───── DATA SEGMENT ─────

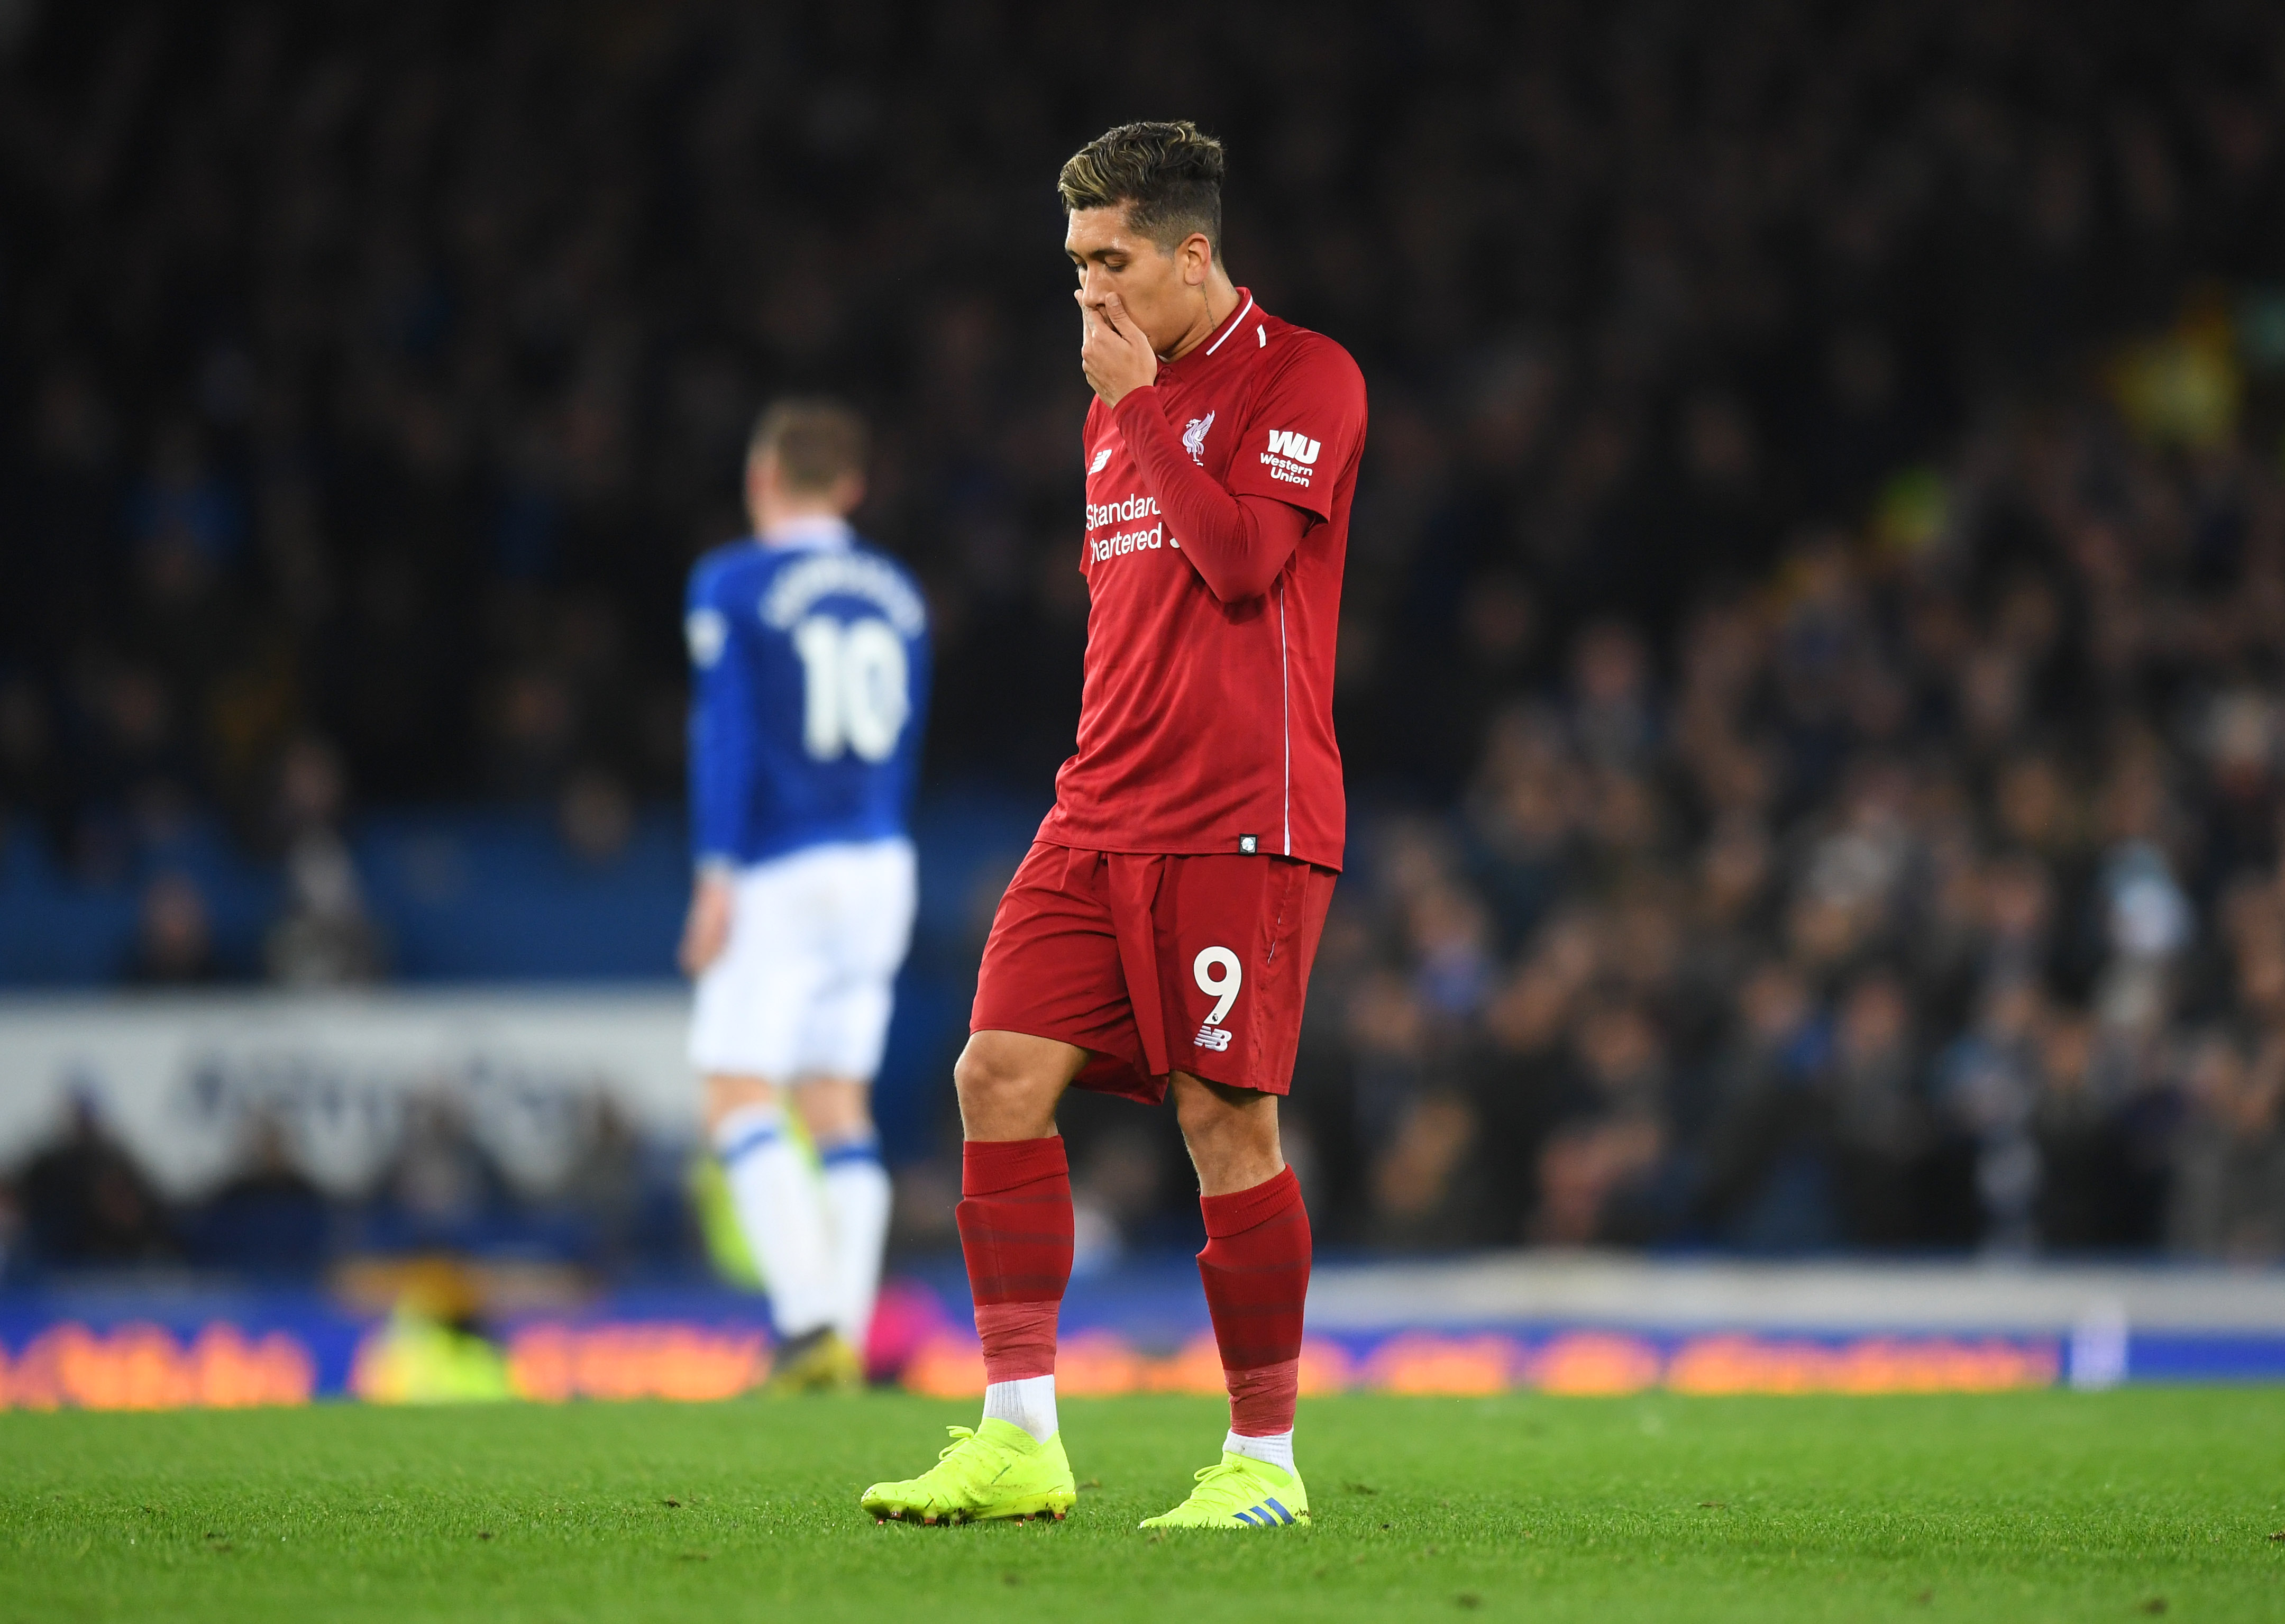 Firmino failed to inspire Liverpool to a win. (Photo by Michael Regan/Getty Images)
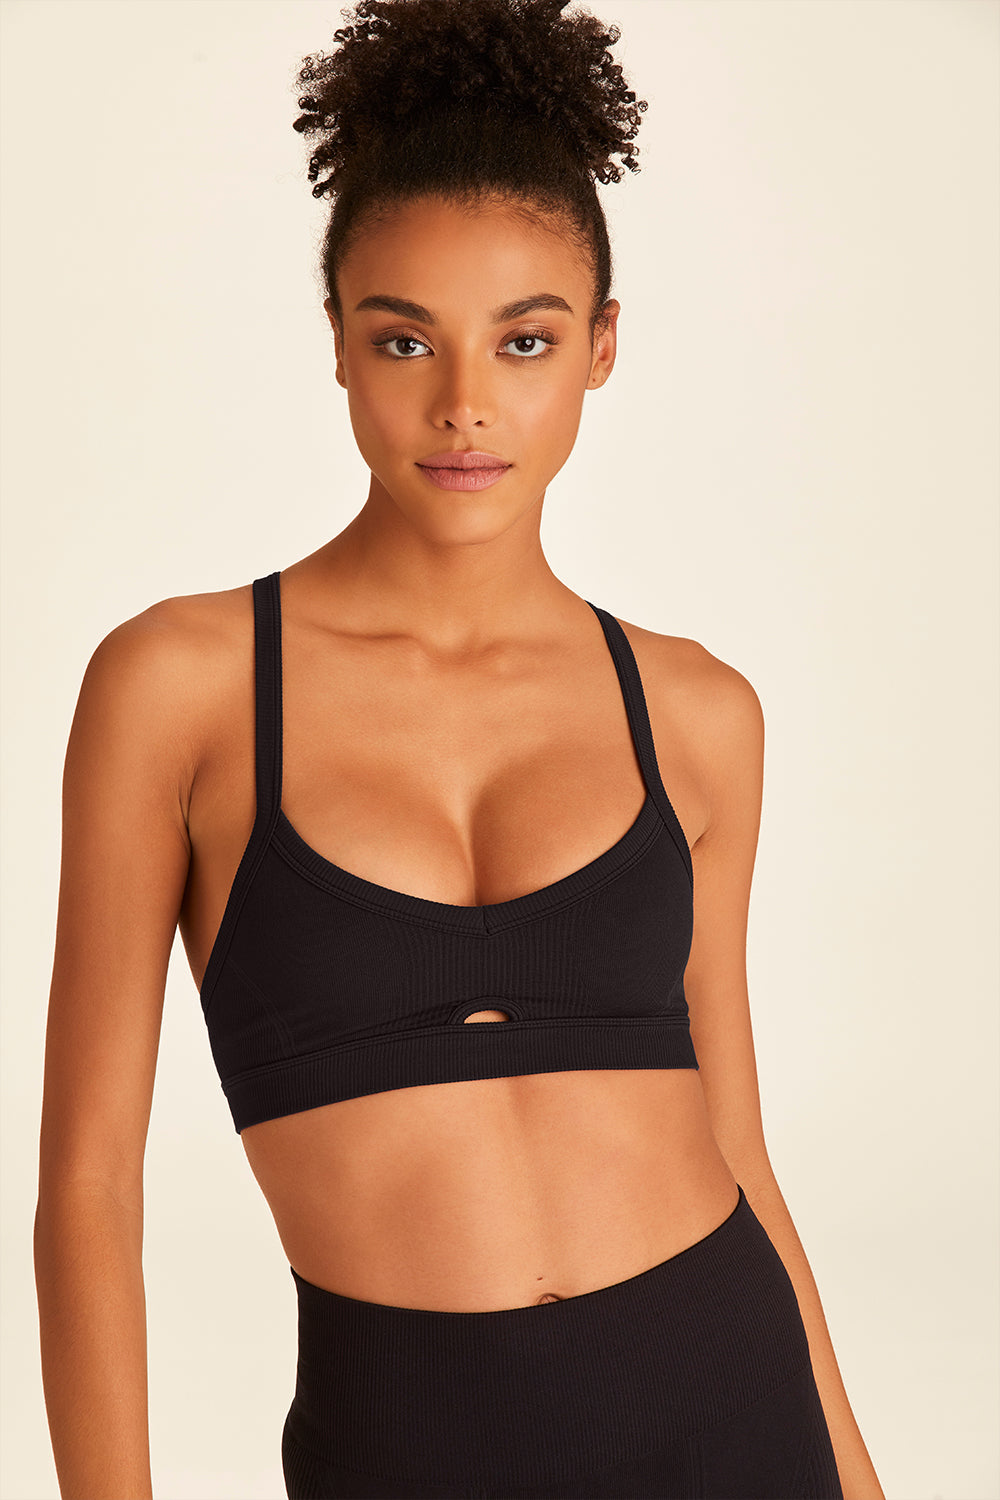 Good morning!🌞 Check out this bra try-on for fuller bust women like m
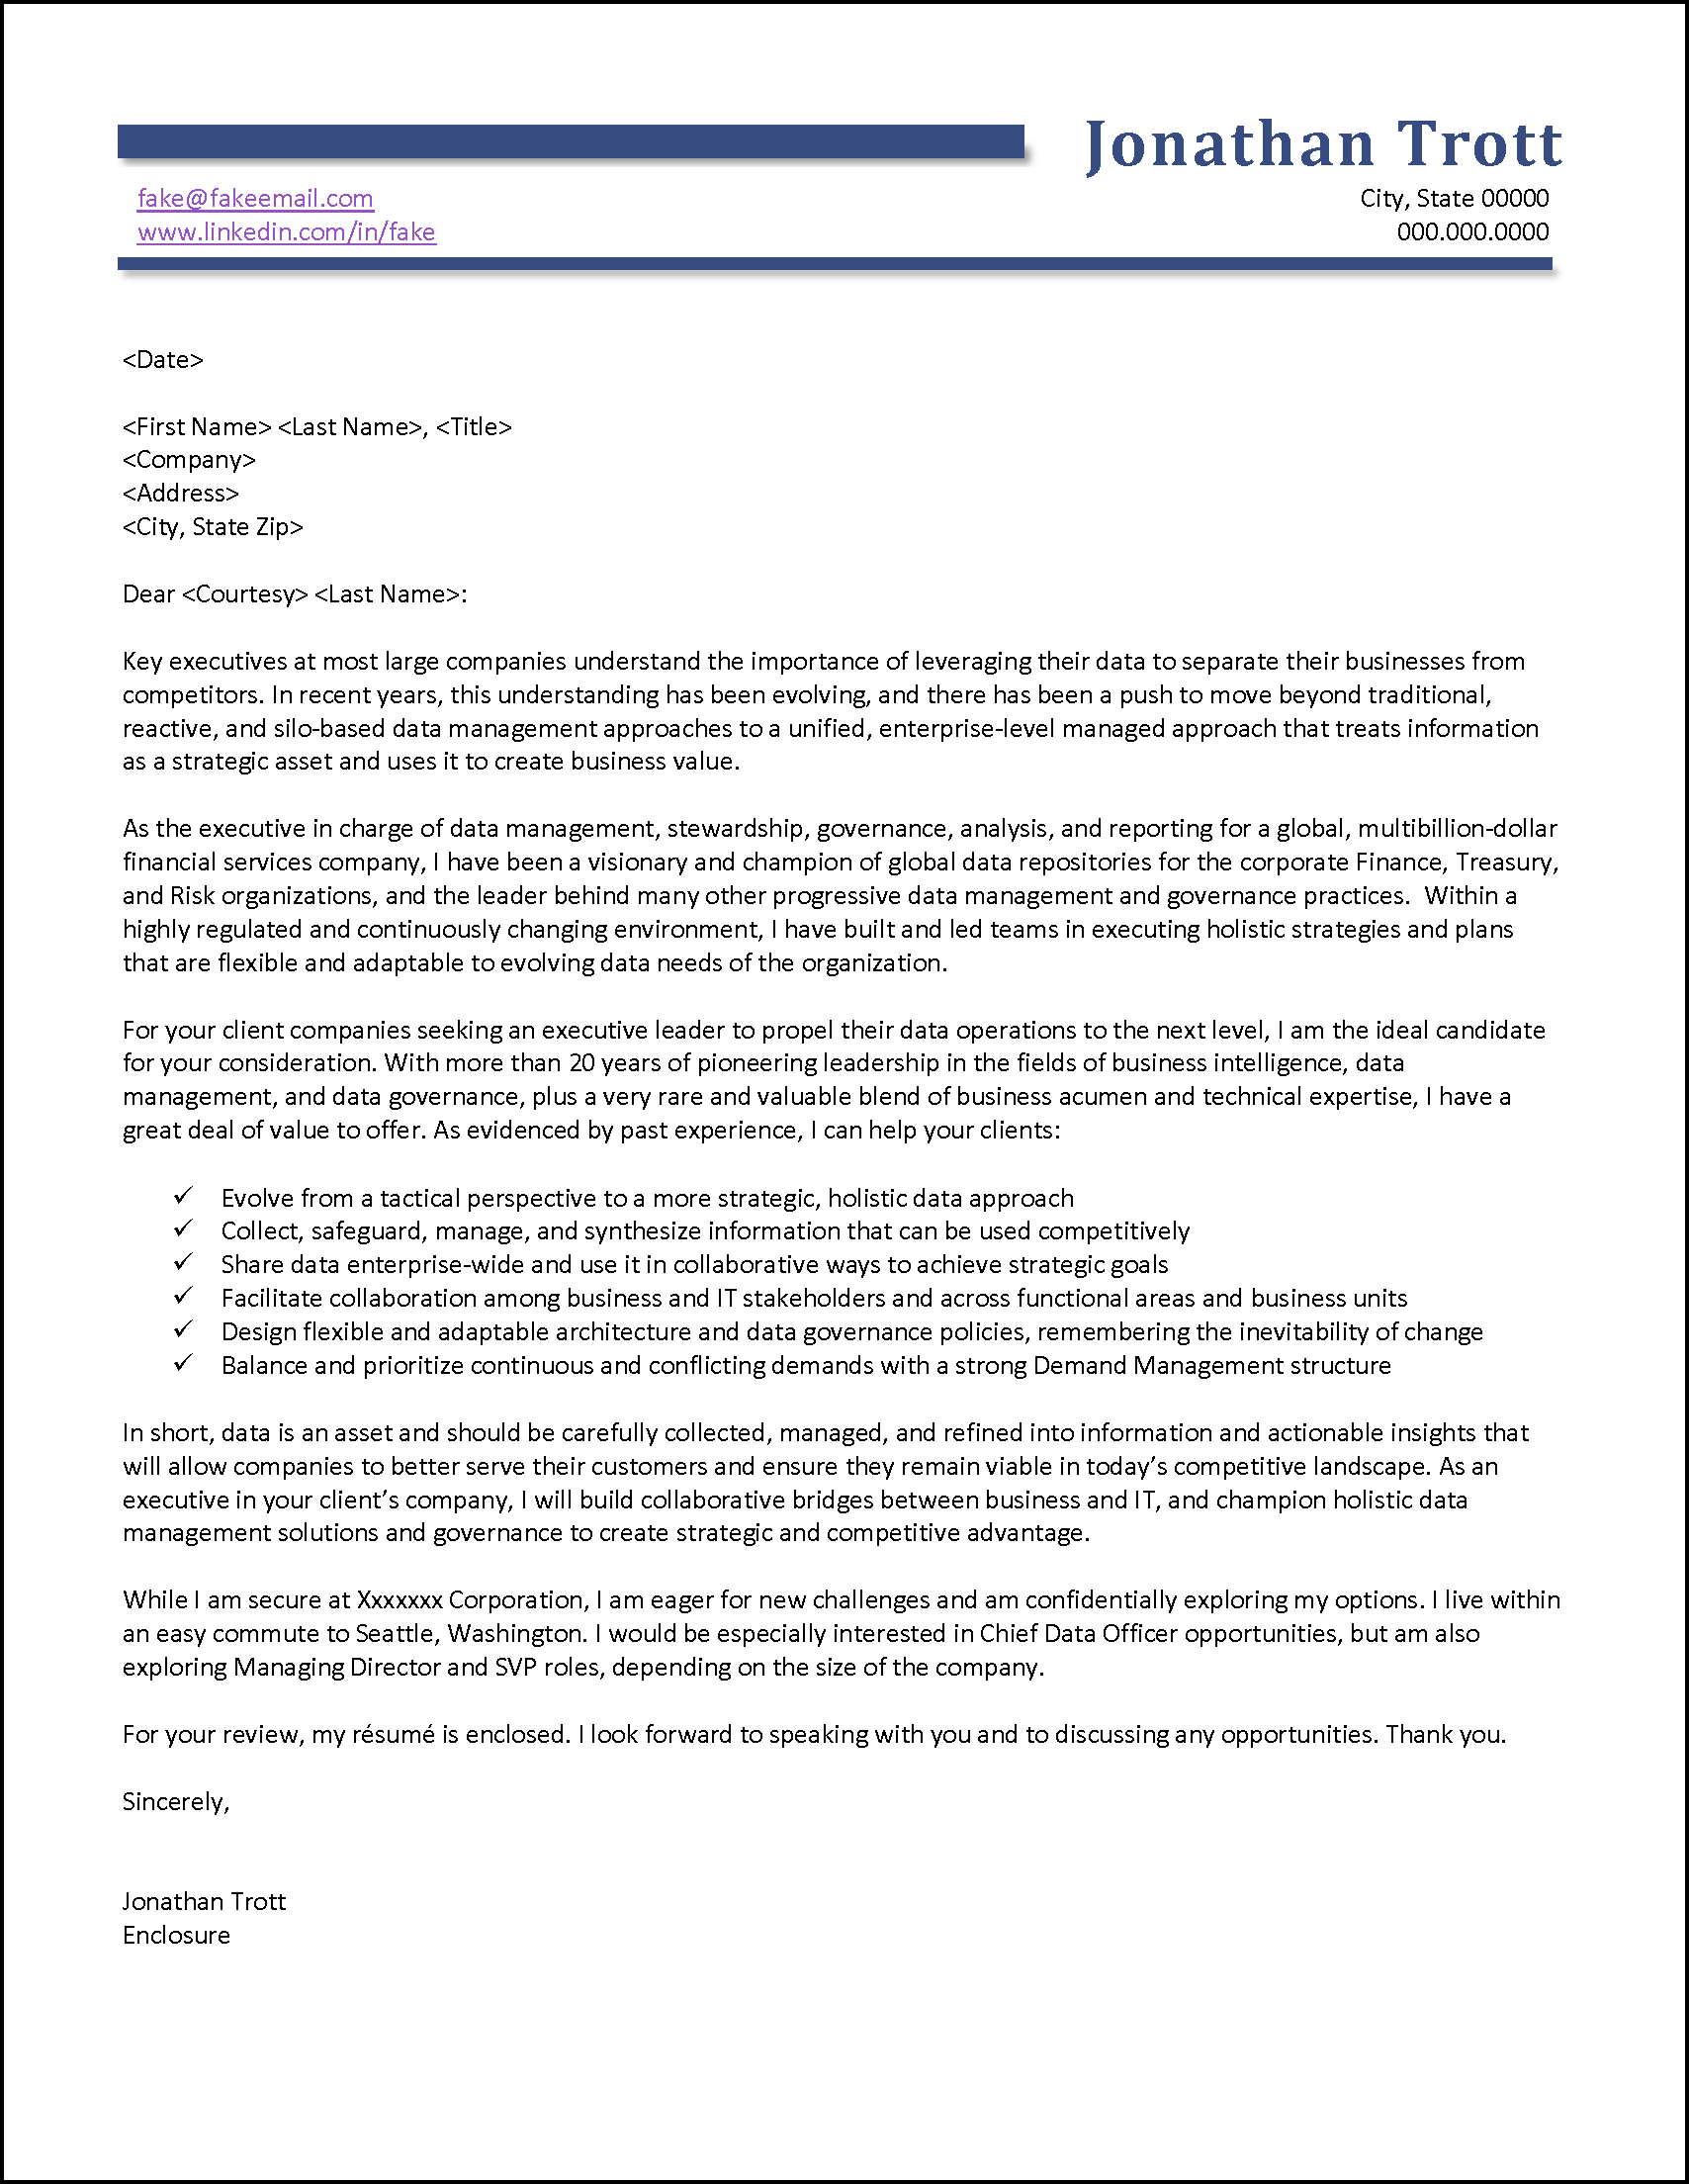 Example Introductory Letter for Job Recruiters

─────

§ BRIEF: Produce an exact copy of each line of data, skipping embedded images.

§ RESPONSE TO THIS TASK:
 Firmino failed to inspire Liverpool to a win. (Photo by Michael Regan/Getty Images)
 Good morning!🌞 Check out this bra try-on for fuller bust women like m
 Example Introductory Letter for Job Recruiters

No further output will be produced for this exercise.